Mitochondria are organelles of eukaryotic cells which play an important role in producing energy in the form of adenosine triphosphate (ATP) by ATP synthase complex.¹ The complex of ATP synthase in mammals is composed of 2 parts, which are F₁ that has a catalytic site for ATP synthesis and hydrolysis and F₀ that has proton channel to translocate proton across the mitochondrial membrane.² Two subunits of F₀, ie, ATPase6 (subunit a) and ATPase8 (A6L), are coded by mitochondrial DNA (mtDNA), whereas the rest of subunits are coded by nuclear DNA.³ Therefore, mutations in mtDNA, especially that of subunits a and A6L, would affect the cell metabolism in producing energy that is crucial for all organs in human body.⁴ There are 2 mutations of mtDNA which are related to type 2 diabetes mellitus (DM type 2) that complicated with cataract disease, ie., A3243G and C12258A.⁵ Thus, mitochondrial disorder–related diseases are interesting to be studied. In 2014, World Health Organization reported that Indonesia is the fifth and the second largest country regarding a number of diabetes and cataract cases, respectively.

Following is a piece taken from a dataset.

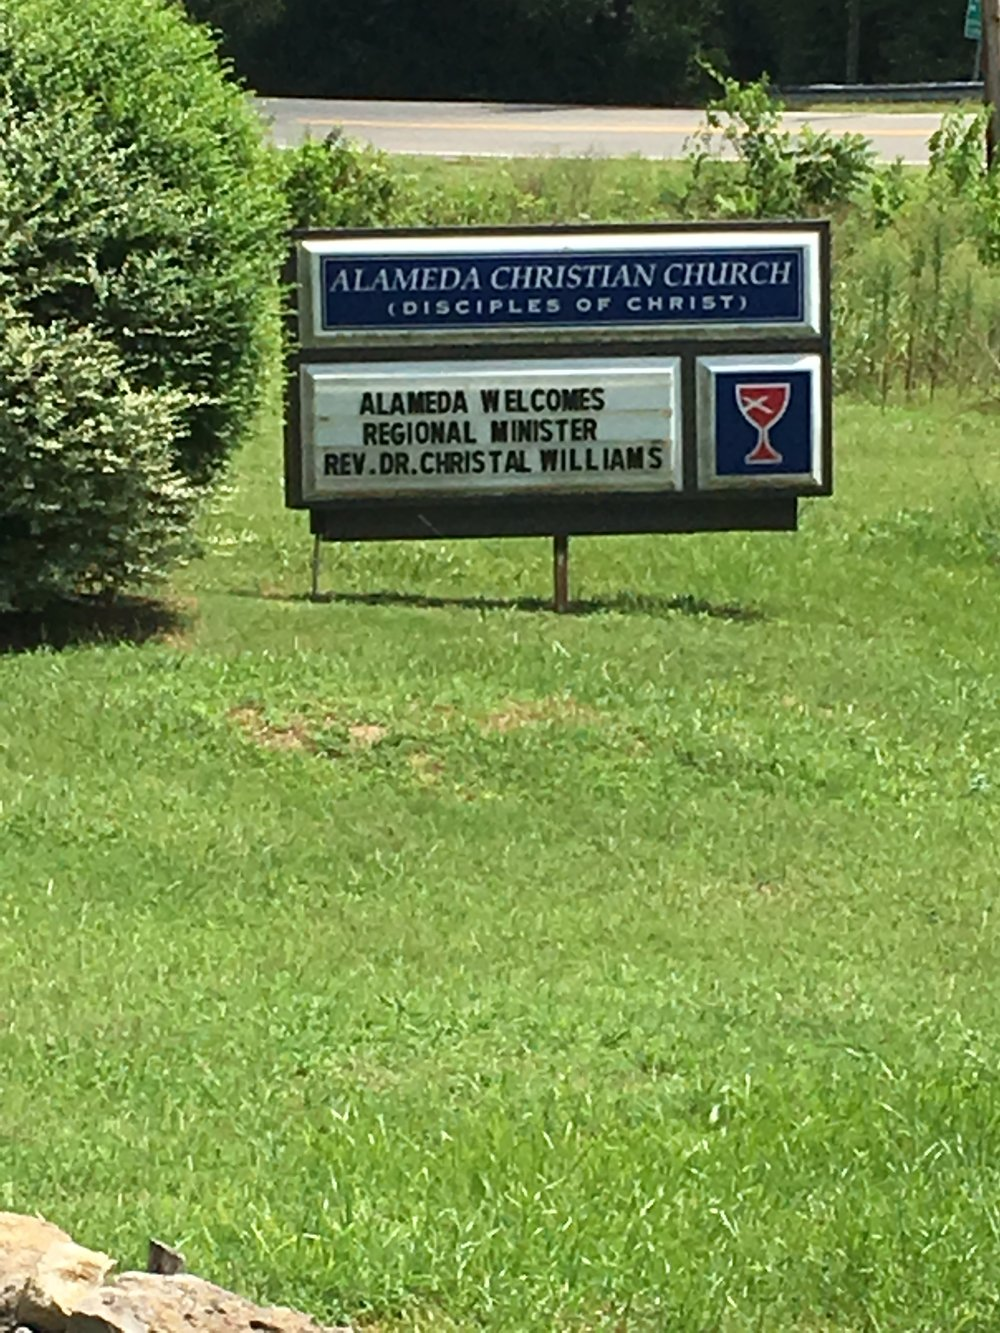 Dr. Williams visits Alameda Christian Church 8/7/16

In 2010, Maksum reported 6 mutations in mtDNA which specifically occurred in patients having type 2 DM and cataract. Among the mutations, m.9053G>A was located at respiration complex protein, ATPase6, and was found to be unrelated to neuromuscular diseases, eg, myopathy and deafness.⁶ ATPase6 plays a role as proton translocation channel in the mitochondrial matrix through the rotation of F₀ ring and hence triggers the change of catalytic site of F₁ for ATP synthesis.⁷ Maassen et al⁸ suggested that mitochondrial disorder was related to diabetes due to the decreasing of insulin secretion as a result of the low concentration of ATP.

This study aims to investigate the changes of structural properties of ATPase6 due to m.9053G>A mutation (S167N) using bioinformatics methods. The structure of ATPase6 was built using homology modeling technique. Furthermore, the electrostatic properties of protein were calculated using Adaptive Poisson-Boltzmann Solver (APBS) program. The water affinity on the proton translocation channel was predicted using molecular docking by AutoDock Vina.

Methods

Homology modeling of human ATPase6

A structure of bovine mitochondrial ATP synthase, resolved by electron microscopy, was used a template for homology modeling (Protein Data Bank [PDB] ID 5FIL).⁹ The sequence of the human ATP6 gene was retrieved from MITOMAP (https://www.mitomap.org/MITOMAP). Furthermore, the structure of human ATPase6 and its mutant was modeled using MODELLER.¹⁰ At the amino acid level, the mutation of m.9053G>A was the substitution of serine by asparagine at the position 167 (S167N). The Discrete Optimized Protein Energy (DOPE) score, a statistical potential used to assess homology models in protein structure prediction, was calculated for the structure model. The structure with the lowest DOPE score was selected as the best model. The quality of both models was assessed using Ramachandran plot by PROCHECK in PDBsum server (Laskowski et al, 1997).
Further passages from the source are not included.